L access the interface of the driver UI. The user interface associated with the application can be accessed locally using Kubectl port-forward.
$ kubectl Port-forward <driver-pod-name> 4,040:4,040
L Debugging. There may be several failures: if the Kubernetes API server rejects the SPARK-SUBMIT submission, or if a different reason rejects the connection, the submission logic should indicate the error encountered. However, if you are running an application, the best approach may be through KUBERNETESCLI.

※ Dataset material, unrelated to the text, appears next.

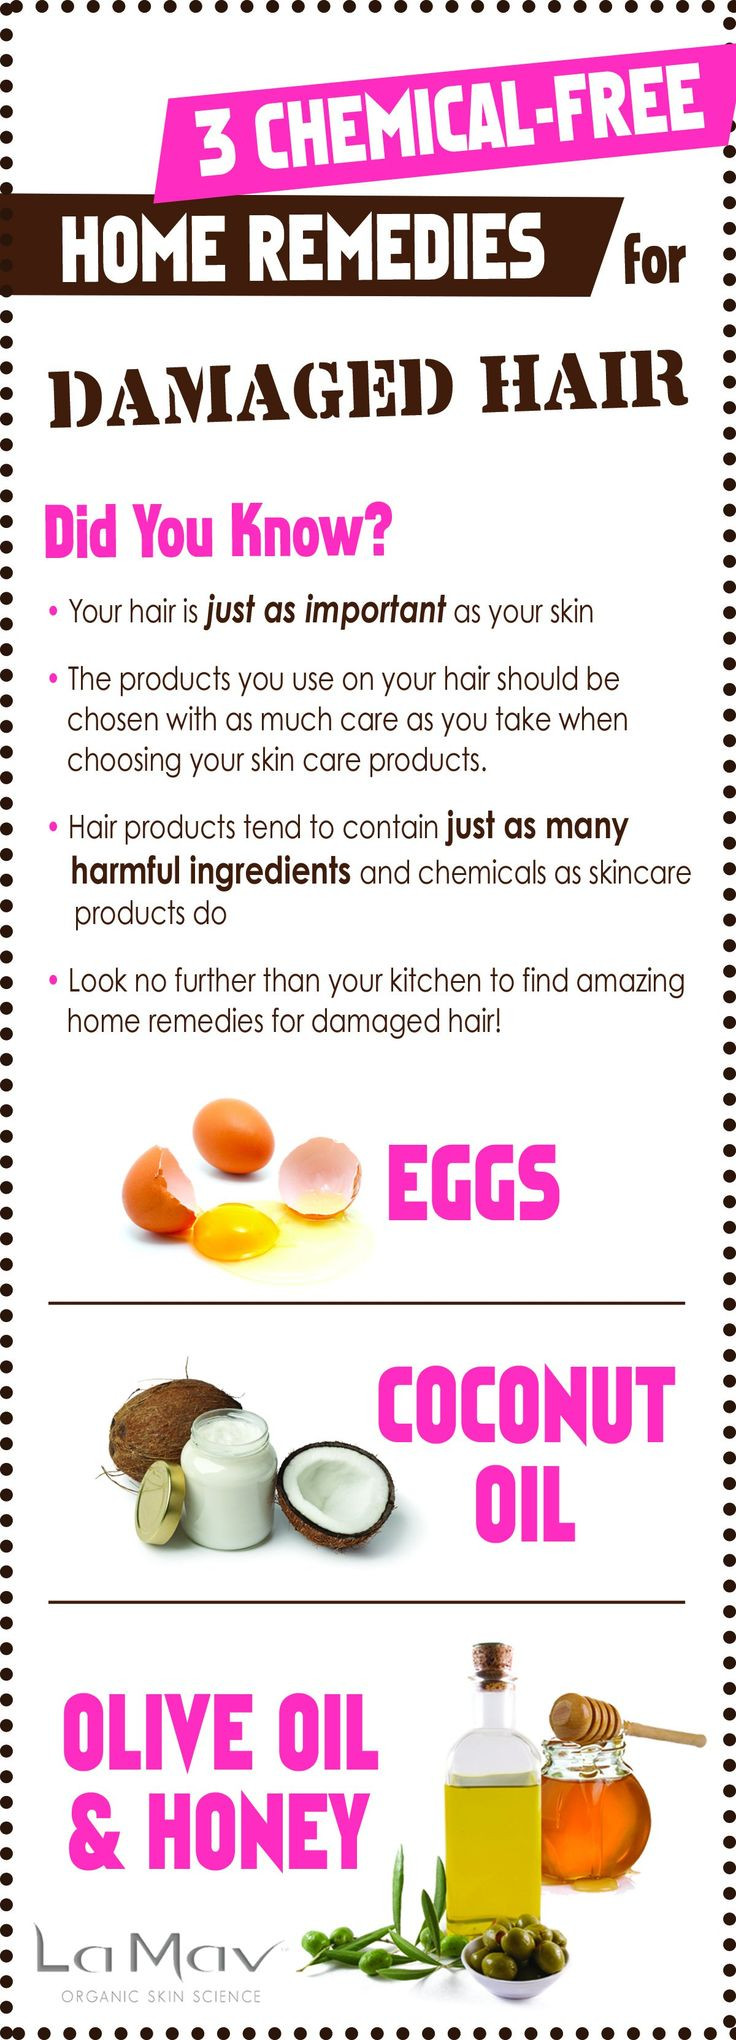 DIY Treatment For Damaged Hair
 3 Chemical Free Home Reme s for Damaged Hair

To get some basic information on driverpod scheduling decisions, you can run:
$ kubectl describepod <spark-driver-pod>
If the pod encounters a run-time error, the status can be further verified and can be used:
$ kubectl logs<spark-driver-pod>
The status and logs of failed executor pods can be checked in a similar way. Finally, deleting the driverpod will clean up the entire spark application, including all executors, related services, and so on. Driverpod can be considered to be the expression of spark applied in kubernetes.
(9) The characteristics of kubernetes.
L namespaces. Kubernetes has the concept of a namespace. Namespaces are a way of dividing cluster resources across multiple users (through resource quotas). Spark runs in kubernetes, you can use namespaces to start spark applications. This can be done by using the Spark.kubernetes.namespace configuration. Kubernetes allows you to use Resourcequota to set the namespace for the individual, such as resource limits, number of objects, and so on. Namespaces and Resourcequota can be used in combination, and administrators control the allocation of resources that spark applications run in the Kubernetes cluster.
• role-based access control. Kubernetes Cluster role-based access control is enabled, users can configure kubernetes RBAC roles and service accounts, run by Spark kubernetes various components to access KUBERNETESAPI servers.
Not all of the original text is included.